Speaking of which, there was some controversy following your interview with [NPR’s] Terry Gross. People were really upset that she asked you if you had to date a guy in order to know you were gay. How did you feel about it?
"I understand why some people were offended by it, but I wasn’t. Terry had zero bad intentions. I think that she was just asking questions that posed themselves from the book. I am a person who figures out life through experience, and when I was 17, that was definitely something I needed to experience. And I wrote about it in the book. So I think she was picking up on that, and that’s where the question came from. I wasn’t offended."

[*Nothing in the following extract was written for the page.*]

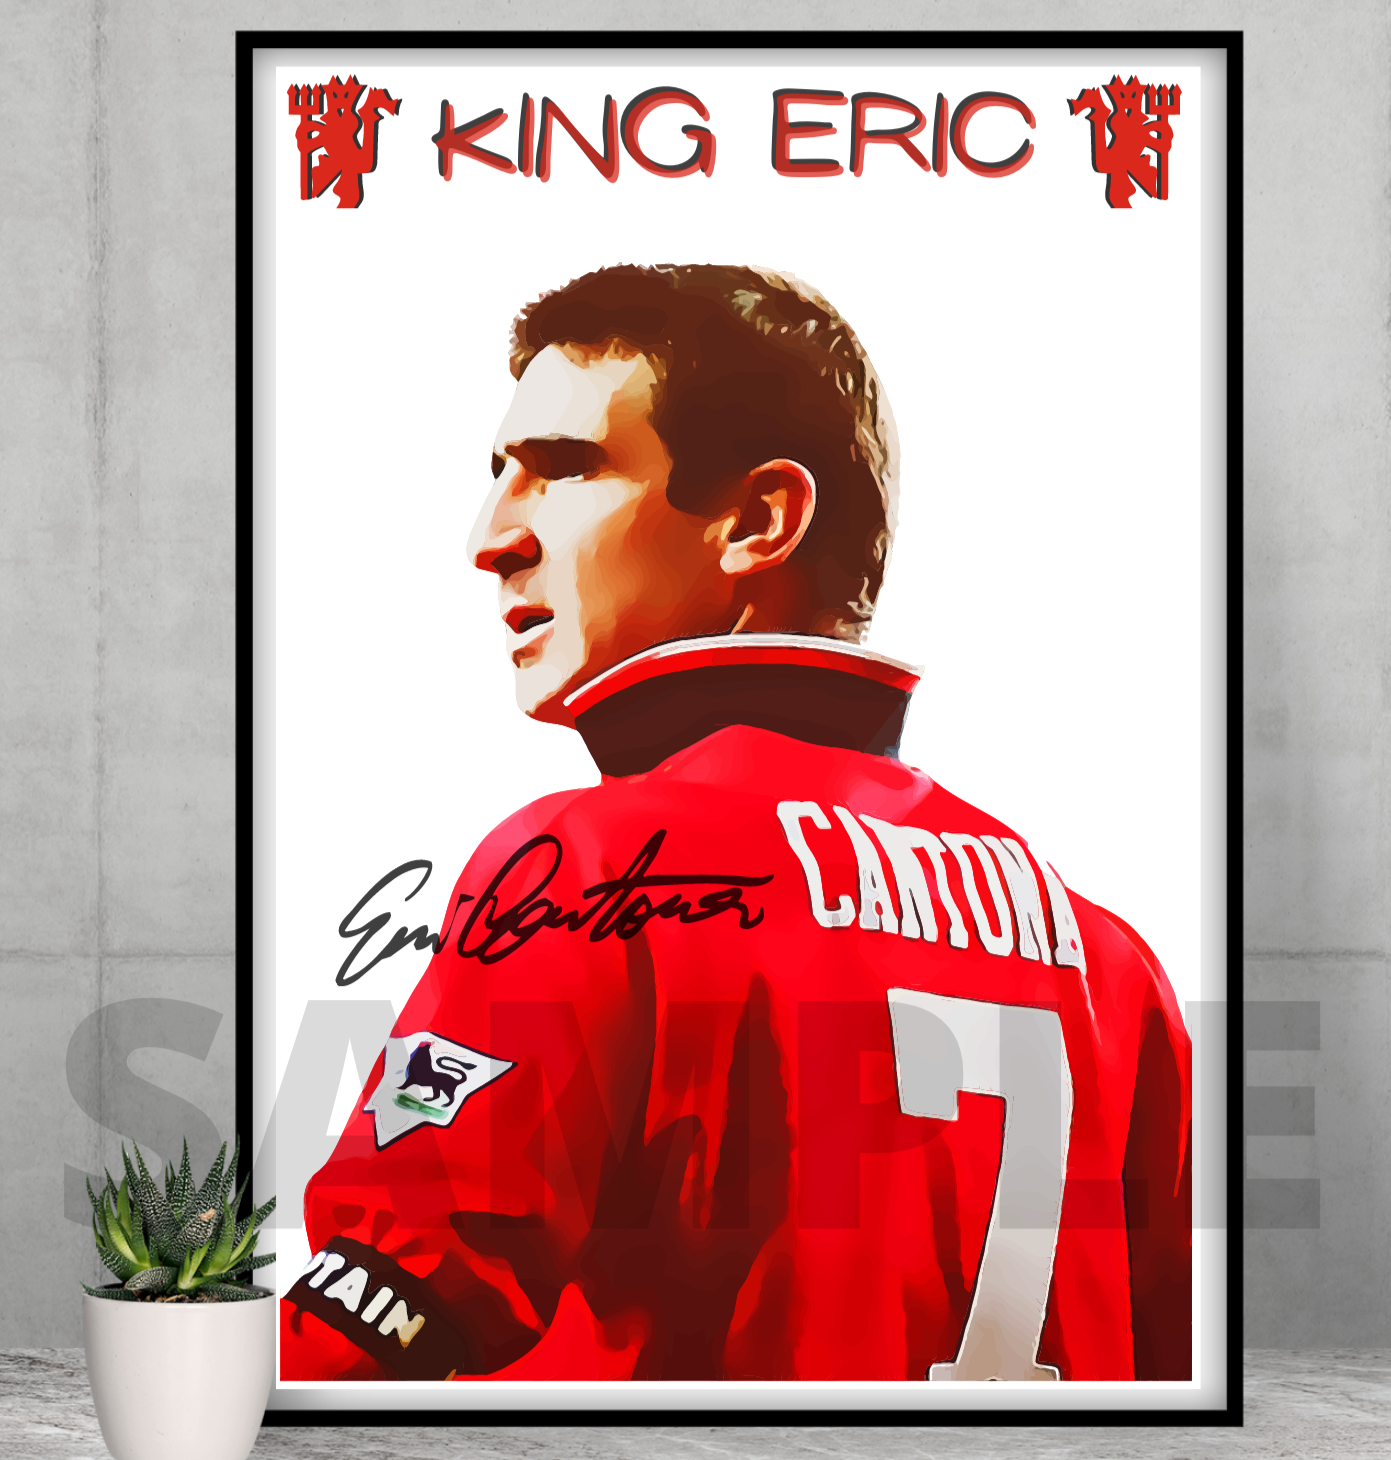 Eric Cantona exclusive Football signed collectable/memorabilia print

Now that you’re retired, and you’ve gotten all of this off your chest, what are you up to? You have been a vocal force in the women’s soccer team’s push for equal pay, and you’ve been showing up for Hillary Clinton. Are you going to keep doing that?
"Yeah. Whenever I have a moment of time, I’m going to be on the campaign trail with Hillary Clinton. I am such a big fan of Hillary, and the symbol of her being in the Oval Office as a woman is enough for me to want to vote for her, not to mention her decorated career and her ideas for where she wants to take the country. So I will be there supporting her.

"[For us], for a long time it was, 'Oh, well the men’s soccer team gets more sponsorship dollars, and more viewership.' But when the women played in the 2015 World Cup and we had more viewers watch our final than any other game that’s ever been played, then that whole argument goes out the door. We’re the team that everybody else takes their cues from, and that’s really important for women — not just in other sports, but for women being badass and kicking ass and taking names — in Hollywood, in business, across the board. Women see us and say, 'Hey, if they can do it, so can I.' It’s so much bigger than one athlete being able to pay her mortgage. We want to be treated equally."

This interview has been edited and condensed for clarity.